1. Field of the Invention
The present invention is directed to a system for exchanging data between processors or computers operating in parallel and connected in an array and, more particularly, to a system in which local two dimensional data sets or tiles in each processor are augmented by some portion of the two dimensional tiles of the neighboring processors in a first exchange in which tiles on the right and left, and above and below are exchanged followed by a second exchange which causes diagonally positioned tile data to be received and stored by each processor.
2. Description of the Related Art
Distributed-memory parallel computers are an efficient solution for many computing problems. These computers utilize multiple processors, each of which have a separate, local memory which is not accessible to any other processor. The processors can communicate with each other through interprocessor communication links. The number of processors in such a computer can often be extended without limit. However, the performance of such a computer is limited by the effort of communicating information between the processors so that, at some point, the performance of a large computer with many processors will be constrained by the interprocessor communication bandwidth.
Such computers are most efficient when computing on data sets which are distributed over the various processors and which do not require much communication. Mesh or toroidally connected parallel computers are especially effective when processing two-dimensional data sets, such as images. A typical image processing operation is image convolution. Typically, each data set is divided into mutually exclusive, two-dimensional subsets, each of which is stored in one processor. The two dimensional data subsets, or tiles, are allocated to the processors in such a way as to place contiguous tiles into contiguous processors.

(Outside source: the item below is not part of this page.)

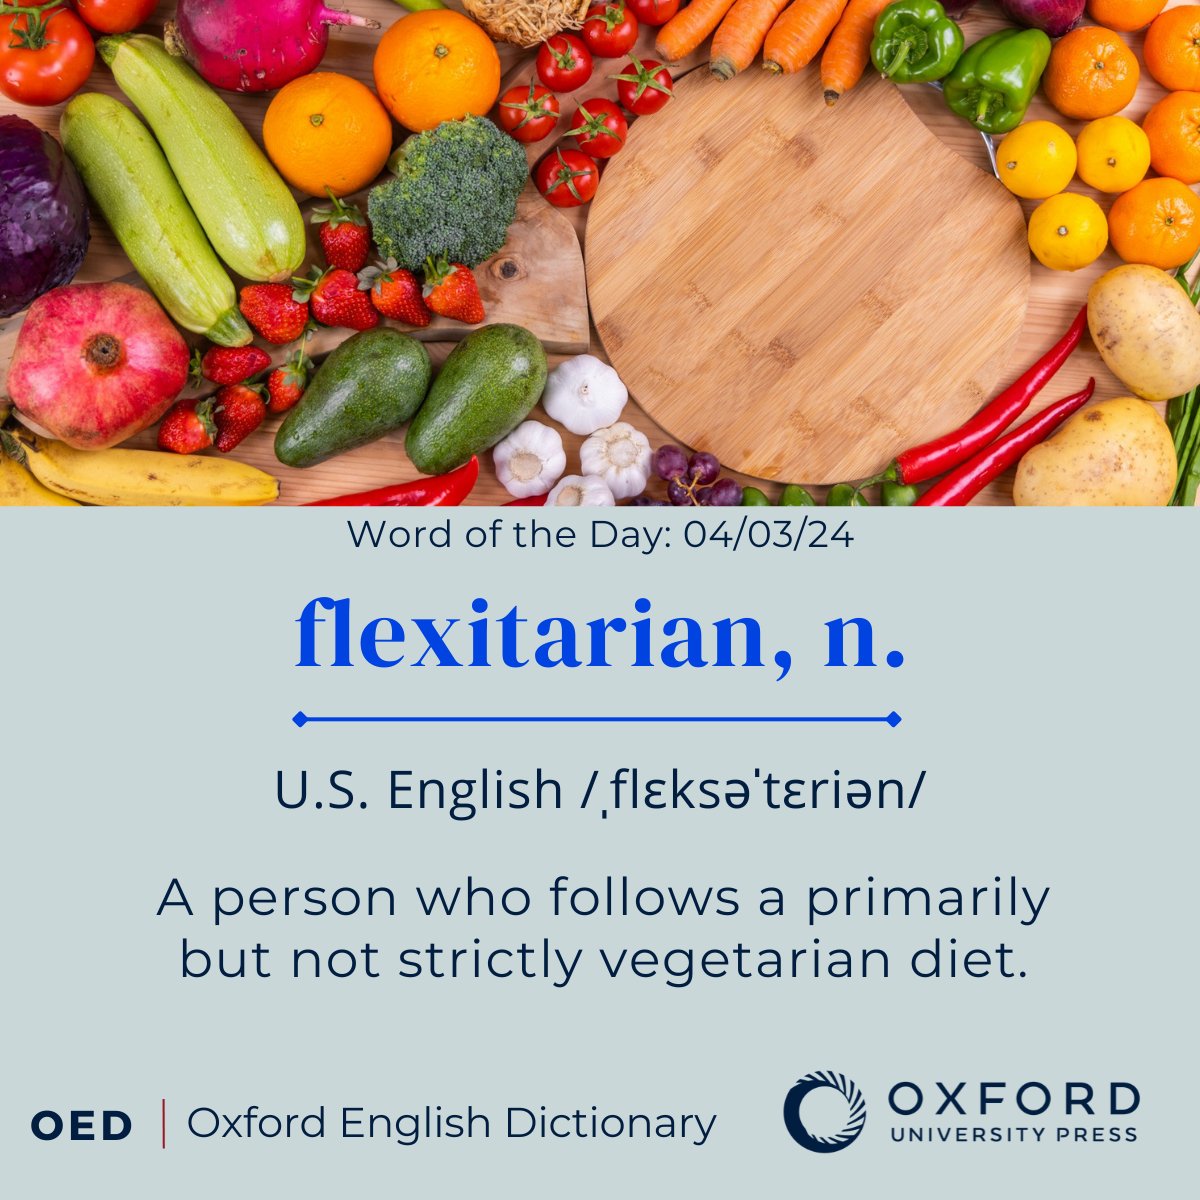 OED #WordOfTheDay: flexitarian, n. A person who follows a primarily but not strictly vegetarian diet.

View the OED entry: oxford.ly/4cq4PMy

Since a mesh or toroidally connected parallel computer is locally connected, this arrangement of data is very cost effective for operations which are local in nature. Point operations, of course, do not require any interprocessor communication since each data element is processed alone. Operations which utilize neighborhoods, such as convolutions, are more complex. Because each processor stores a mutually exclusive data set, part of the neighborhood for data elements on the edge of the local tile is stored in a neighboring processor. These neighboring data elements must be exchanged between processors to perform the neighborhood operation. Since these data exchanges represent overhead in the parallel computer, it is important to optimize the interprocessor communication necessary to implement the data exchange.
One convenient method for providing the necessary data to support neighborhood operations is to augment the local tiled data subsets with data normally stored in neighboring processor tiles. It is only necessary to exchange data between processors once to augment the data tiles. This is an especially effective approach because the data for all edge neighborhoods are available in the augmented tile and precludes the need for multiple communications. The augmented data must be stored in more than one processor, so that the penalty for reduced communication is increased data storage. However, if the tiled data itself is changed as a result of some operation, and a successive neighborhood operation is to be performed with the same data, the augmentation must be repeated so that the augmented data is changed as well.
It is also important to maintain a consistent data storage structure for the augmented data. Two dimensional data is typically stored in a two dimensional data structure; the augmented data should be placed within this data structure so as to reduce any processor overhead in accessing the data.